Sun, 23 Sep 2007

A web of indifferent watching devices

Last April I discovered the manifesto for CCTV filmmakers, a proposal for a creative use of the Data Protection Act. I still haven't seen the movie Faceless. The DVD is not yet available but an excerpt and the trailer are on YouTube. Manu Luksch and Mukul Patel, the filmmakers, published their first-hand experience of the Data Protection Act in a very interesting essay titled Faceless: chasing the data shadow. This short essay (11 pages) runs through the many different types of replies they received to their subject access requests made under the Data Protection Act. It explains the general confusion of many data controllers, how so many CCTV systems are not functional and why the process of obtaining images became much more difficult from 2004.

Faceless

Sound editor Walter Murch, in an interview published on BldBlog briefly mentions a different work also done one the principle of the manifesto for CCTV filmmakers:
Murch: Well, there was a short film made a few years ago where the filmmaker had worked out the location of all the surveillance cameras along a cross-section of London, and how many of those cameras were operated by the municipal authorities. If the cameras were operated by the city, then he could get access to the footage. So he mapped out a pedestrian trip for himself across town knowing that, at every moment he would be on CCTV: as soon as he was out of range of one camera, he would come into focus on another. So he walked the walk, wrote to all the relevant authorities, got the footage, and then edited it all together into a continuous narrative. It’s very amusing in a dystopian, Warholian kind of way. You only “get” the joke after a few minutes of watching.

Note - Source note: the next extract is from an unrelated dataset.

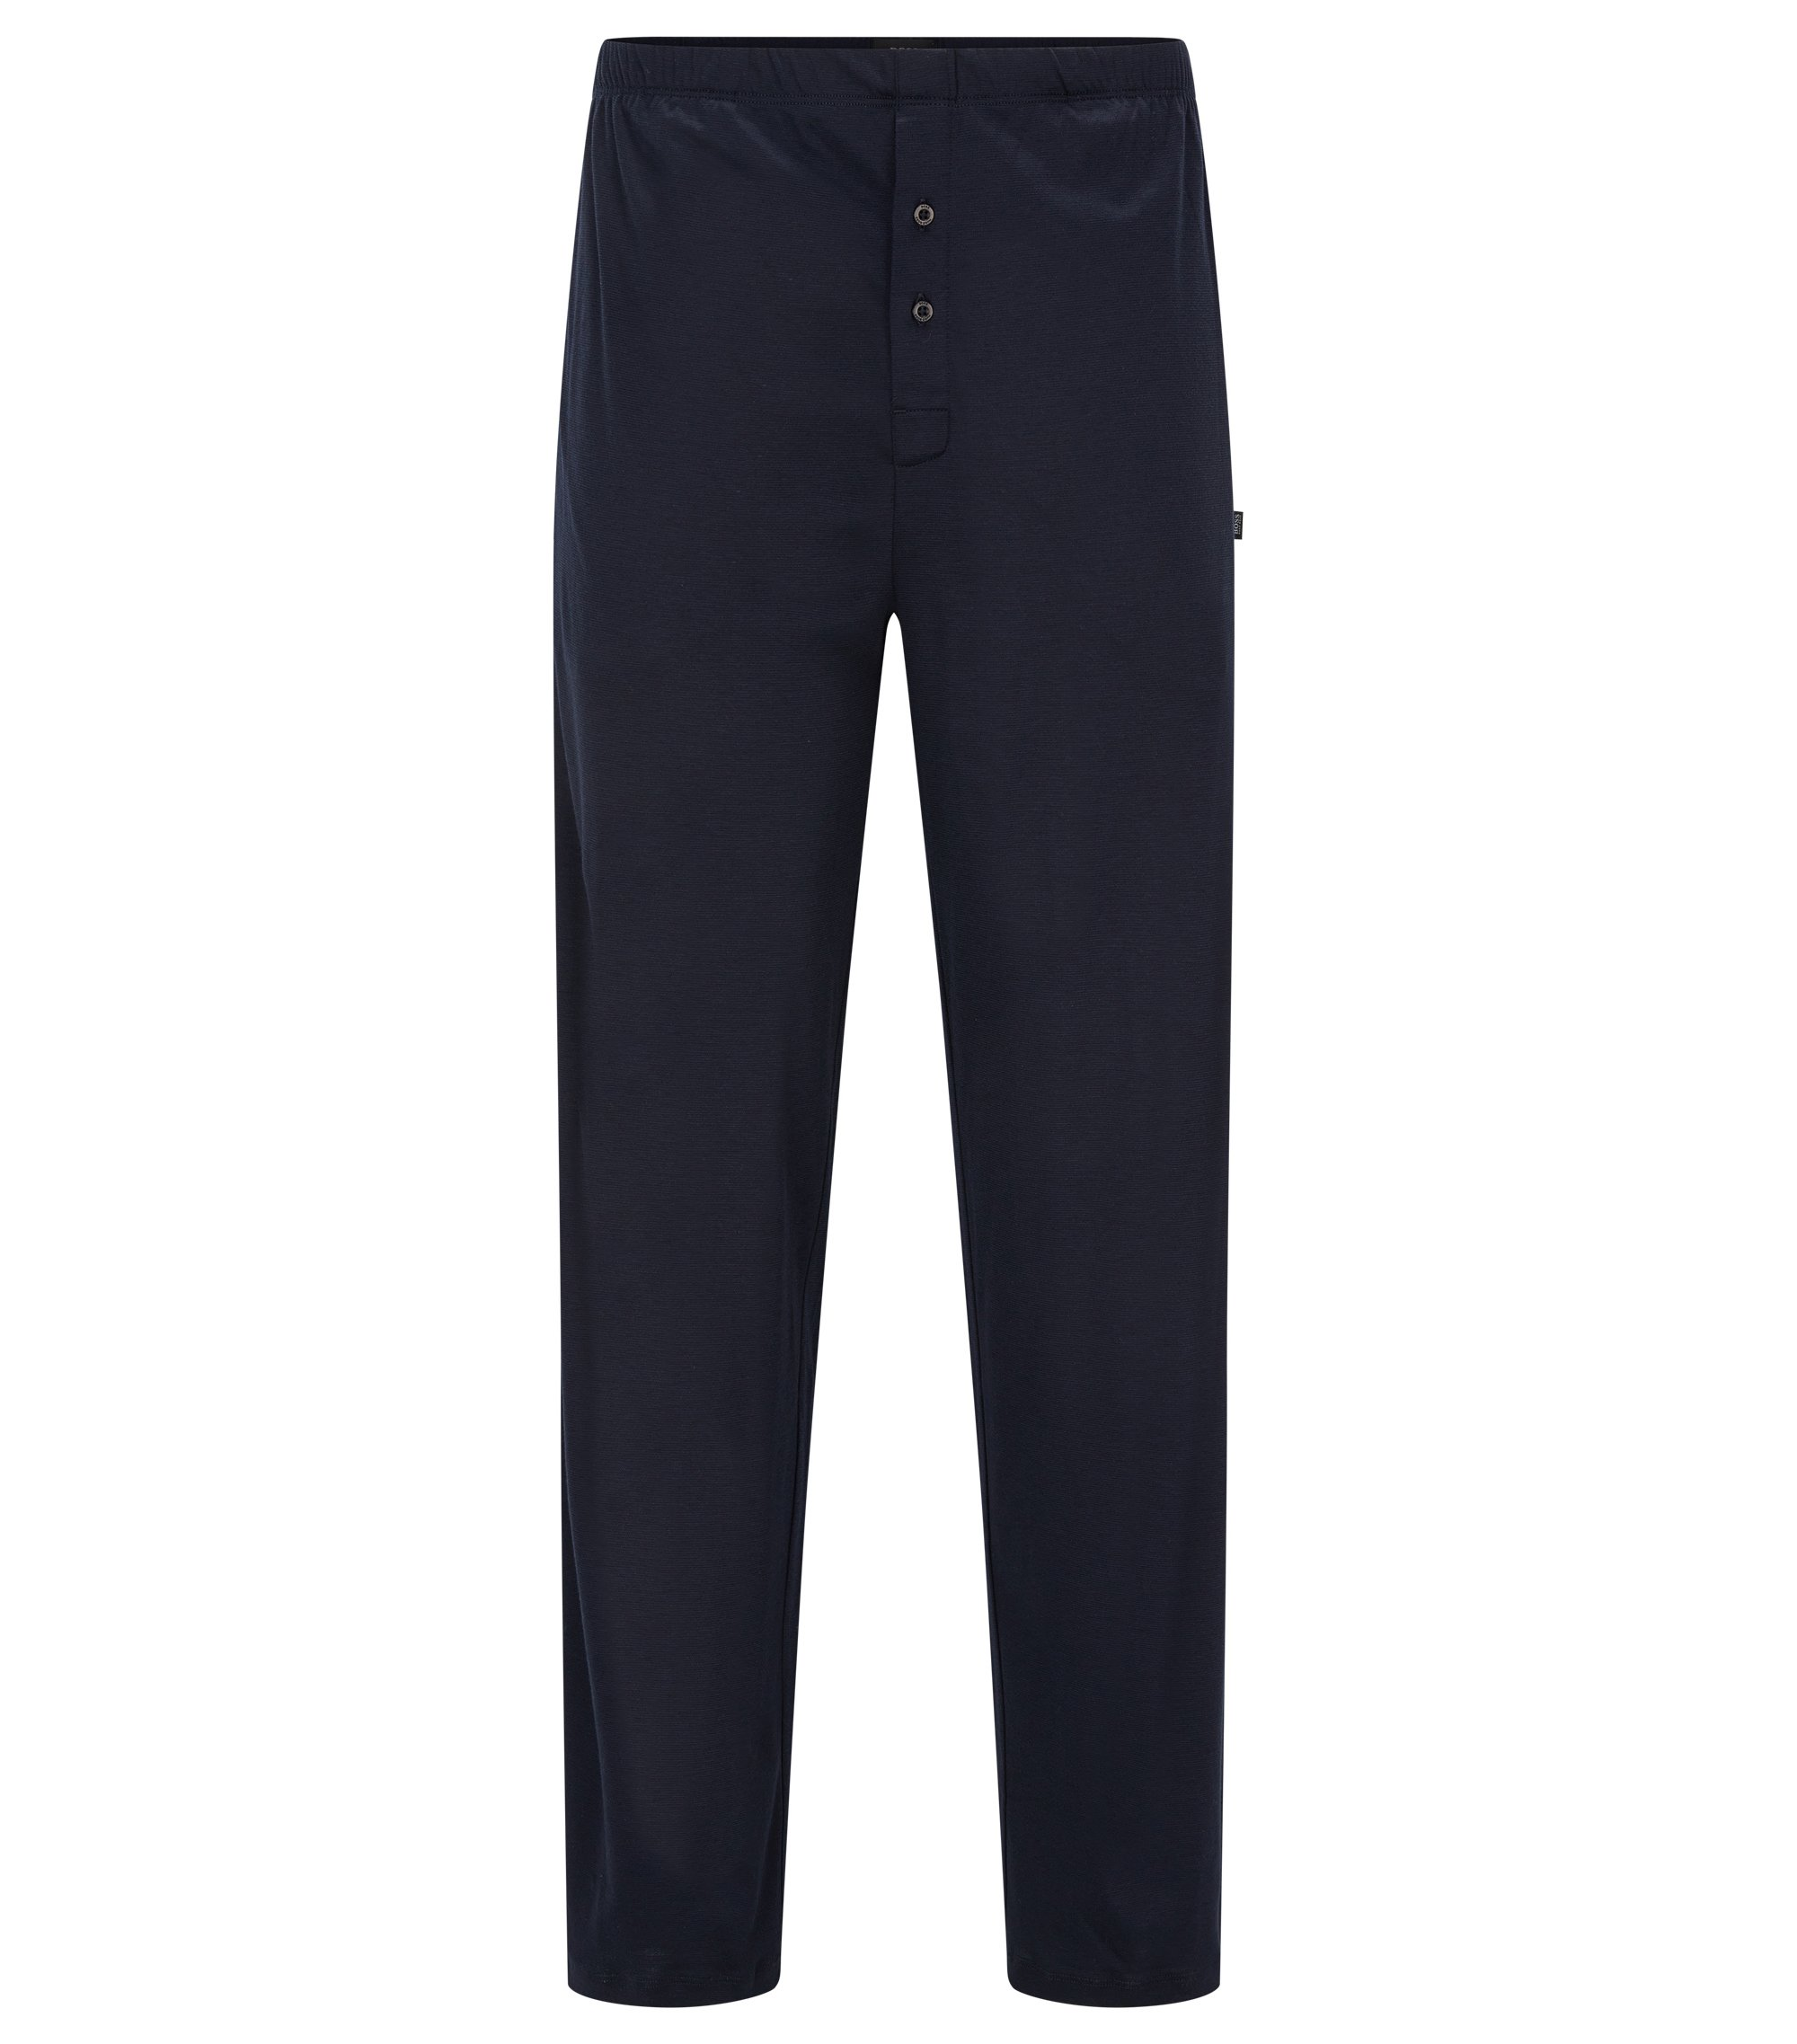 Stretch Cotton Pant | Long Pant CW, Dark Blue

But George Lucas’s THX-1138 was kind of like that, except it was made in 1971. Much of the action takes place on video surveillance cameras. In fact, the job of the girl in the film is to monitor banks of surveillance cameras. She eventually gets fed up, stops taking her Prozac, or whatever, and tries to escape this completely video-monitored world – which, it turns out, is completely underground because of some disaster that had happened on the surface many years earlier.
As for the efficacy of cameras making us more secure, This is London just reminded us that ‘a comparison of the number of cameras in each London borough with the proportion of crimes solved there found that police are no more likely to catch offenders in areas with hundreds of cameras than in those with hardly any.’

In Faceless: chasing the data shadow, the authors include a quote from Ian Sinclair's Lights out of for the territory that neatly sums up the situation with CCTVs:
Vague spectres of menace caught on time-coded surveillance cameras justify an entire network of peeping vulture lenses. A web of indifferent watching devices, sweeping every street, every building, to eliminate the possibility of a past tense, the freedom to forget. There can be no highlights, no special moments: a discreet tyranny of “now” has been established. “Real time” in its most pedantic form.